[Linux Memory Hotness and Promotion] Notes from February 12, 2026

linux-mm.kvack.org archive mirror
 help / color / mirror / Atom feed

From: David Rientjes <rientjes@google.com>
To: Davidlohr Bueso <dave@stgolabs.net>, Fan Ni <nifan.cxl@gmail.com>,
	 Gregory Price <gourry@gourry.net>,
	 Jonathan Cameron <Jonathan.Cameron@huawei.com>,
	 Joshua Hahn <joshua.hahnjy@gmail.com>,
	Raghavendra K T <rkodsara@amd.com>,
	 "Rao, Bharata Bhasker" <bharata@amd.com>,
	SeongJae Park <sj@kernel.org>,  Wei Xu <weixugc@google.com>,
	Xuezheng Chu <xuezhengchu@huawei.com>,
	 Yiannis Nikolakopoulos <yiannis@zptcorp.com>,
	Zi Yan <ziy@nvidia.com>
Cc: linux-mm@kvack.org
Subject: [Linux Memory Hotness and Promotion] Notes from February 12, 2026
Date: Sat, 14 Feb 2026 20:04:55 -0800 (PST)	[thread overview]
Message-ID: <5146e3b4-751f-ca6a-0bdd-7b1f4d425ff0@google.com> (raw)

Hi everybody,

Here are the notes from the last Linux Memory Hotness and Promotion call
that happened on Thursday, February 12.  Thanks to everybody who was 
involved!

These notes are intended to bring people up to speed who could not attend 
the call as well as keep the conversation going in between meetings.

----->o-----
Bharata updated on the status of v5 of his patch series from a couple 
weeks ago with two modes of operation.  Based on discussion with people 
are LPC, he proposed two mechanisms to track hotness that would have 
vastly different memory footprint requirements, one as little as one byte 
per page.  He posted benchmark numbers over a series of updates upstream.  
He found a clear advantage of hot page promotion when top tier memory was 
not saturated for both of these modes of operation.
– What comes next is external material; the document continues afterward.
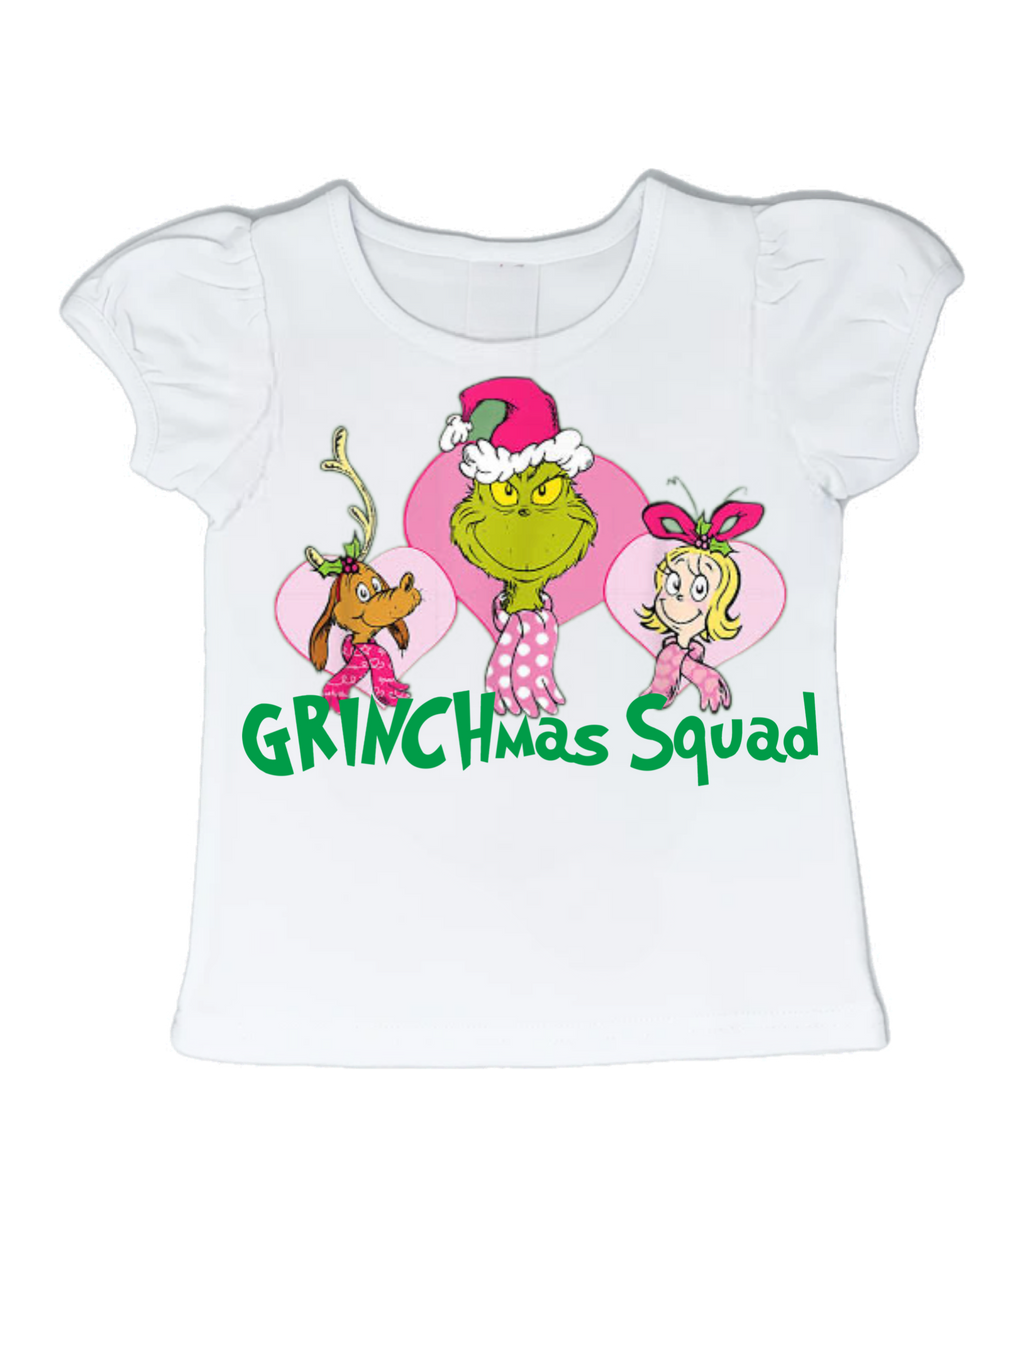 Christmas Tee GRINCH squad

However, when there is top-tier memory pressure (when the benchmark 
working set spills over into CXL memory), then we tend to demote and 
promote simultaneously as expected.  Interestingly, he has not observed 
promotion in these cases actually being helpful; in fact, in some cases it 
actually turns out to hurt.  He asked for feedback on tunings for when the 
demotion case can actually help this scenario.  Note in one of these 
benchmarking scenarios, however, that the benchmark would perform random 
access.

Gregory suggested that we may want to track the number of demotions and 
promotions; when the rate of demotions equals the rate of promotions then 
we should reduce the number of promotions.  Bharata noted that there was 
ratelimiting on promotions but not considering the current rate of 
demotions.  In this case, Gregory said, we are seeing promotions drive 
demotions and there will be an endless loop with these workload 
characteristics that will impact performance.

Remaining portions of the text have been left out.